Your copy of the data should match it exactly, leaving out only the pictures.

Data shown START

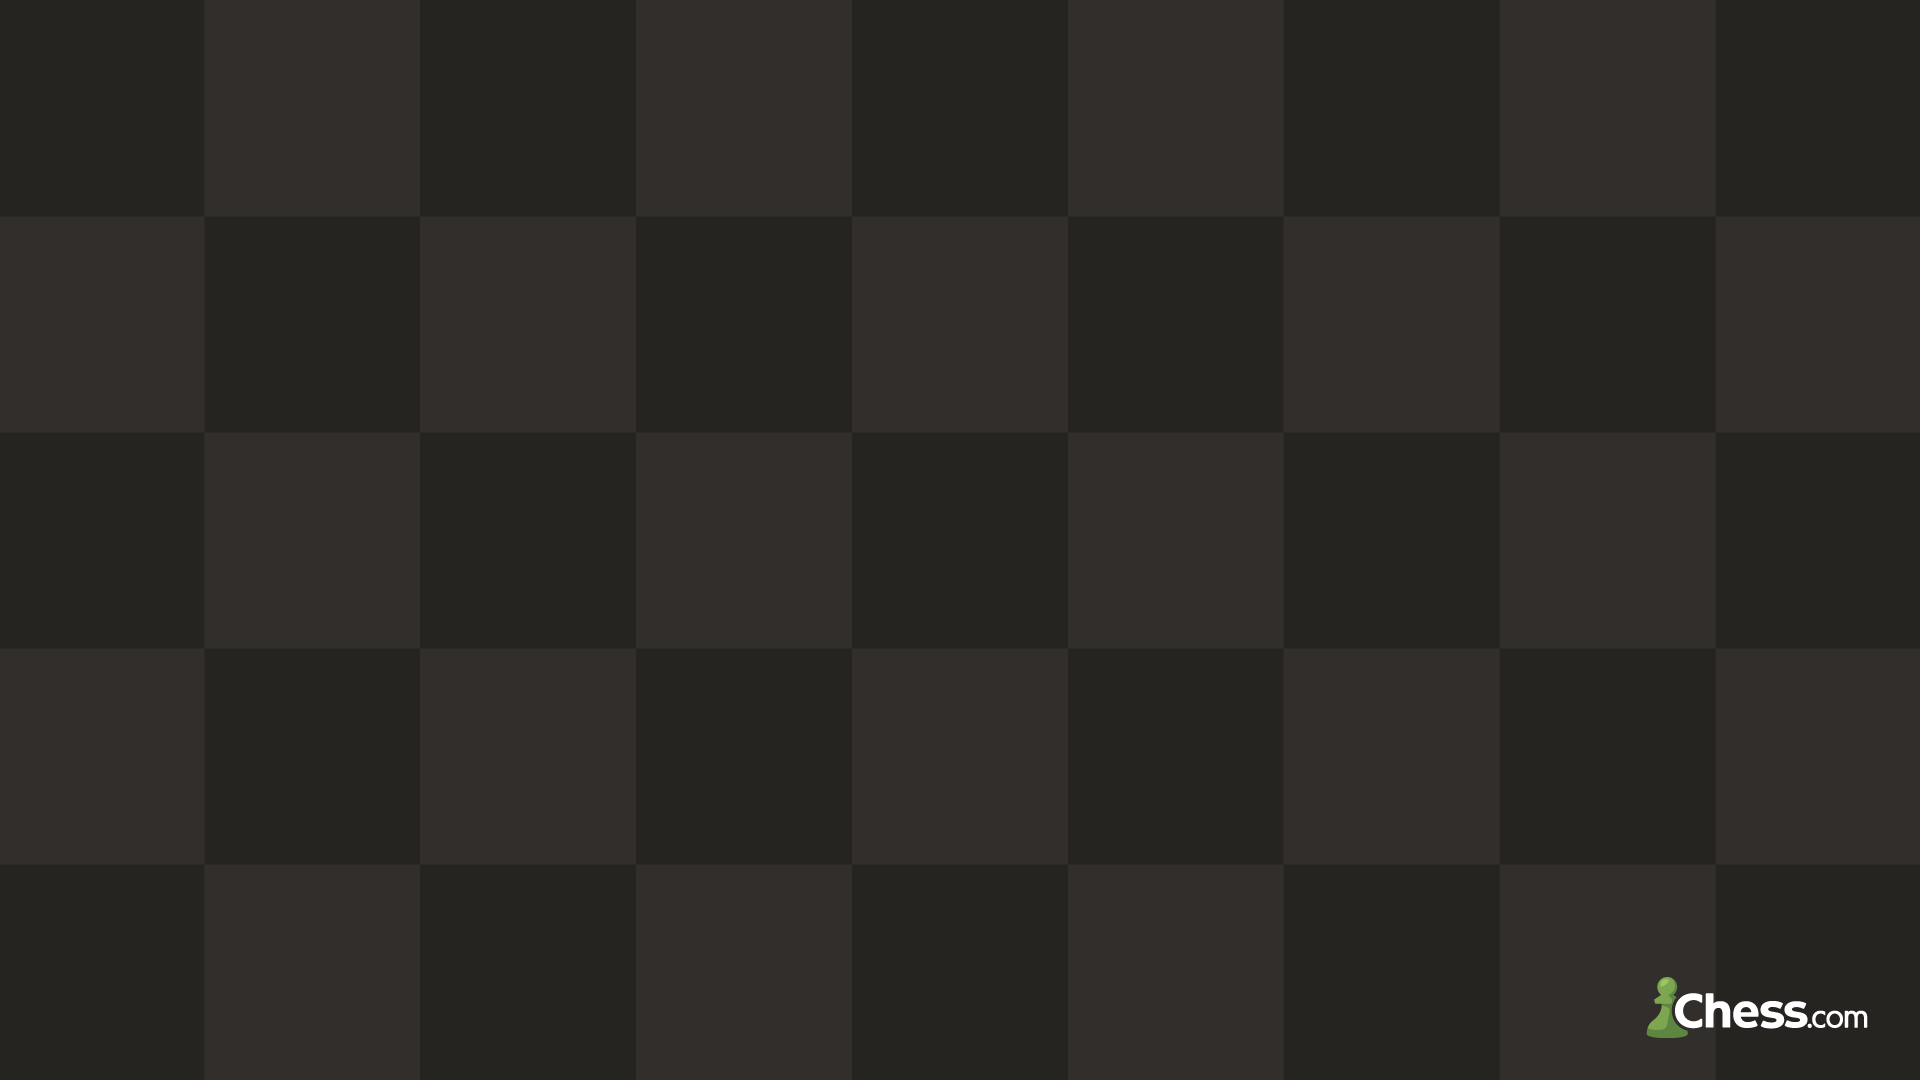 Chess Background & Wallpaper (Free to Download) 
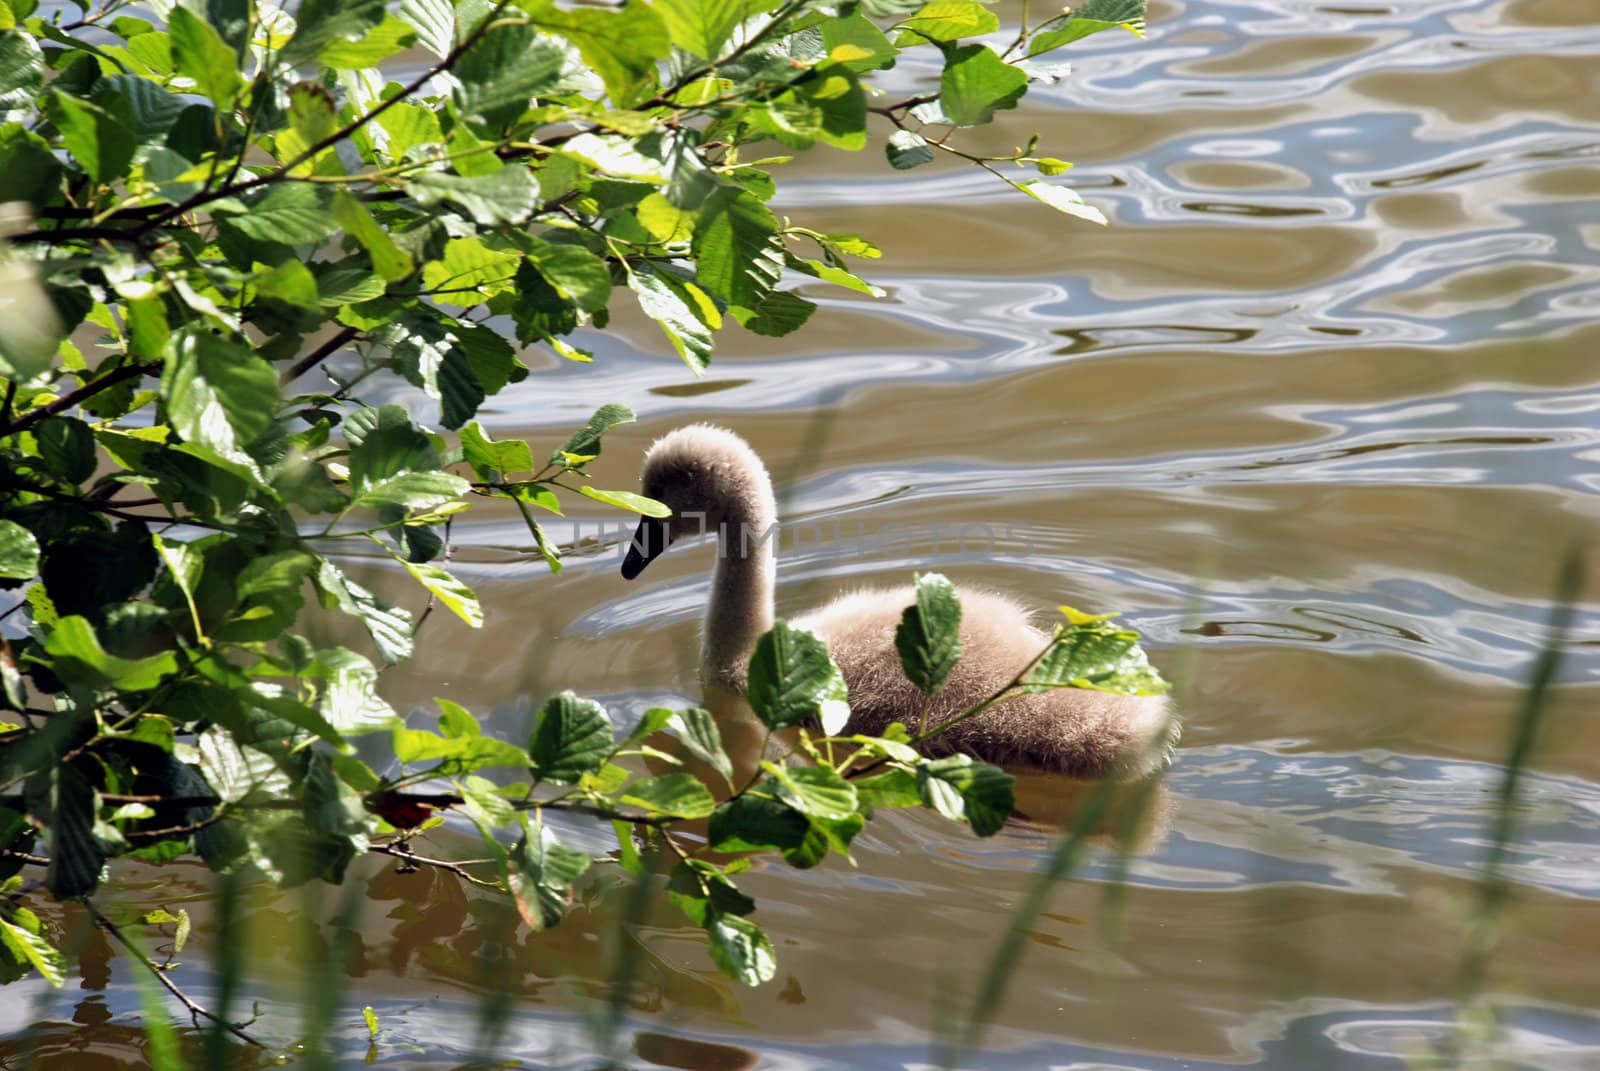 Little swan chick floating in riply summer lake
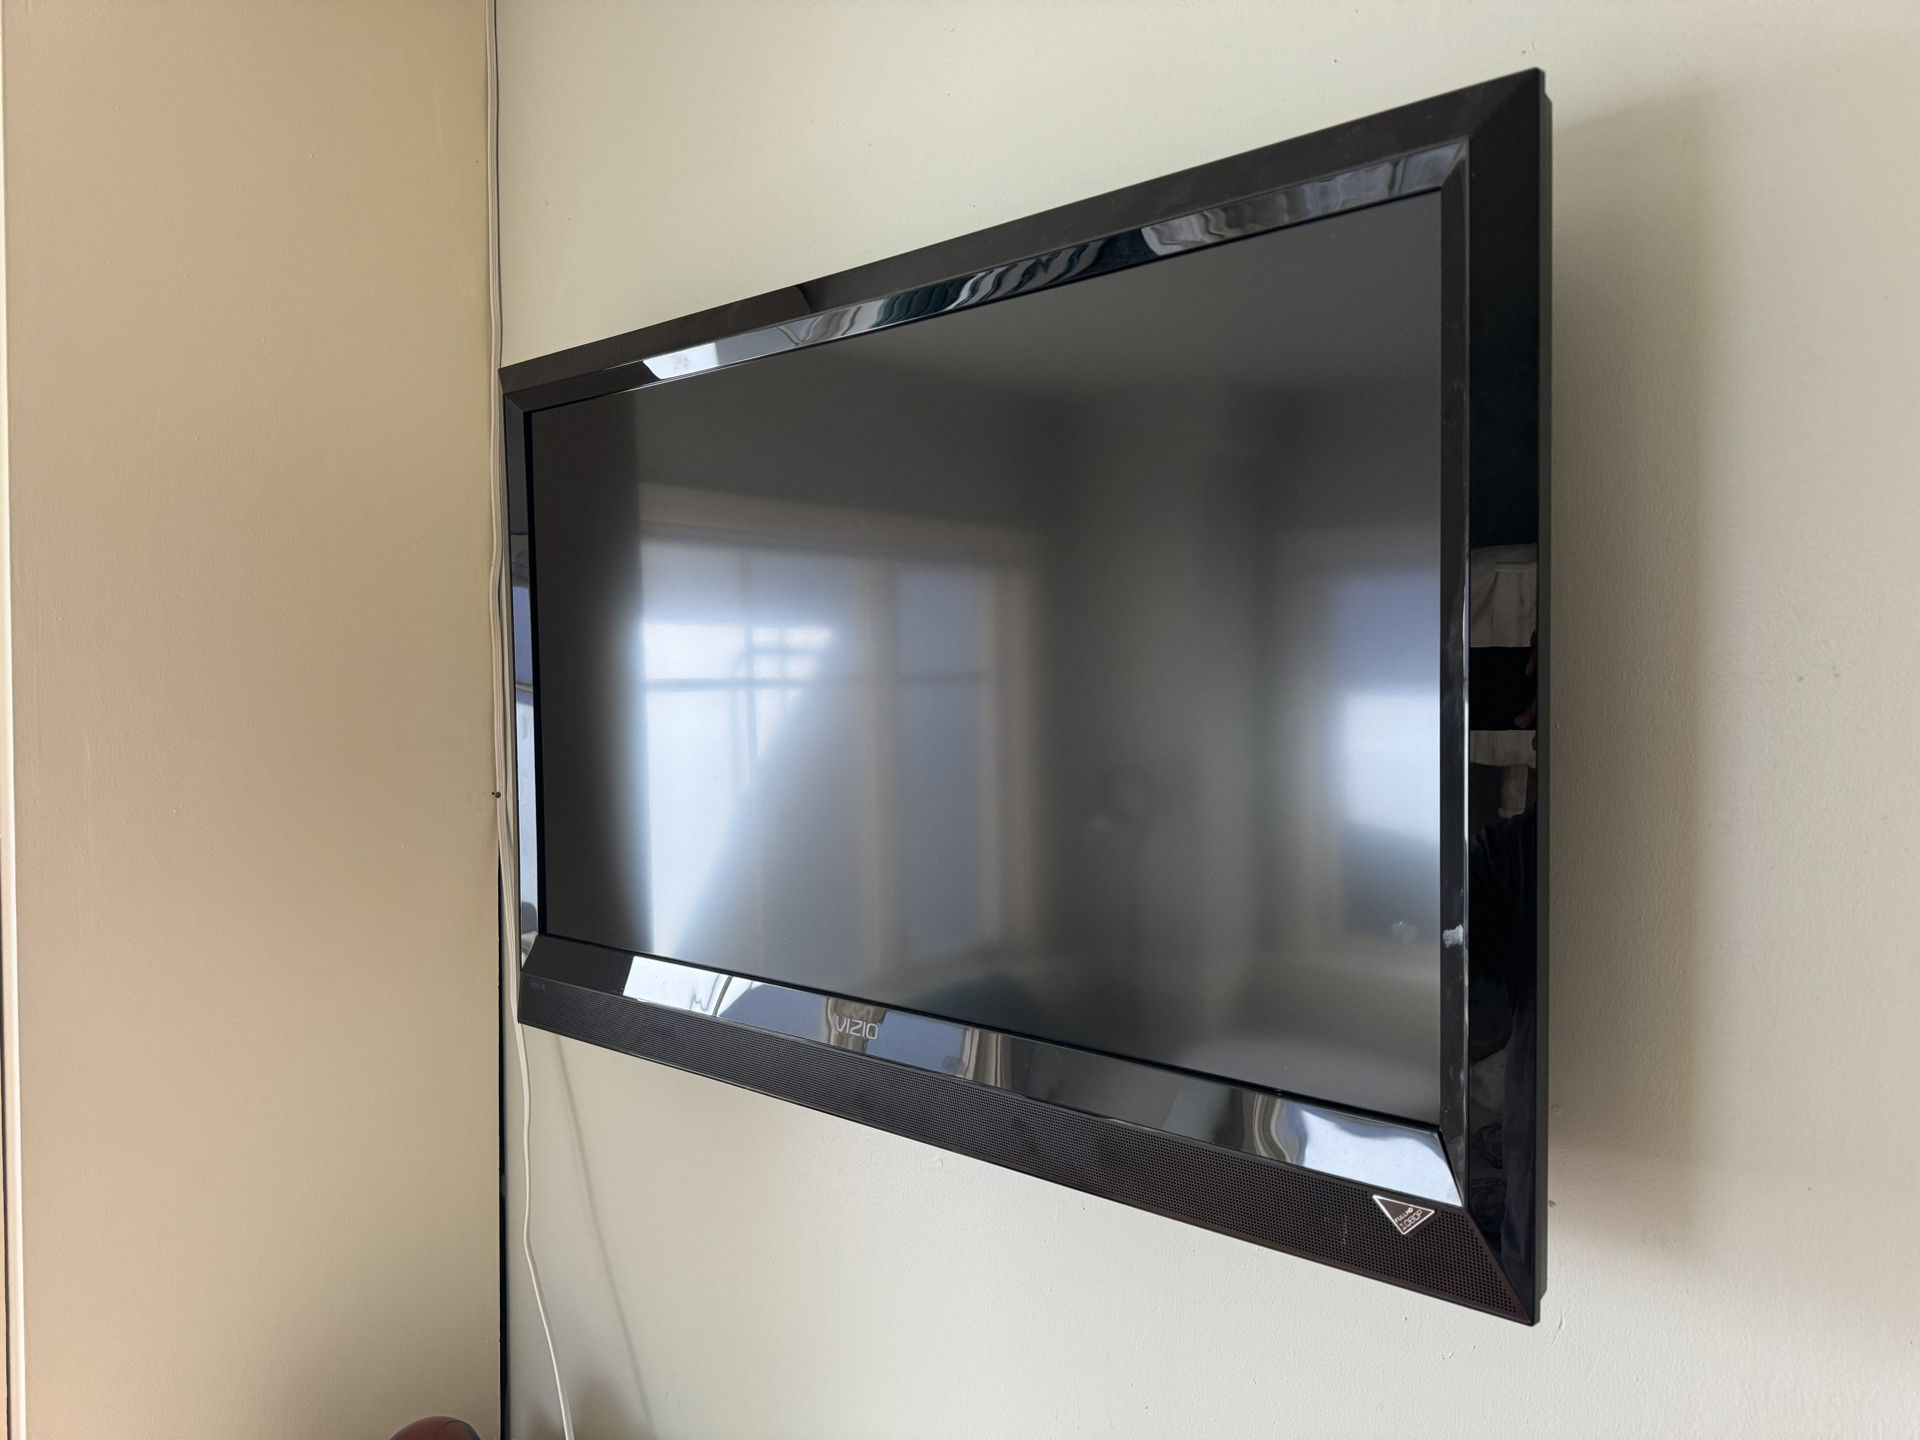 Vizio 37 Inch TV with Wall Mount

Data shown END

Result of this task:
 Chess Background & Wallpaper (Free to Download) 
 Little swan chick floating in riply summer lake
 Vizio 37 Inch TV with Wall Mount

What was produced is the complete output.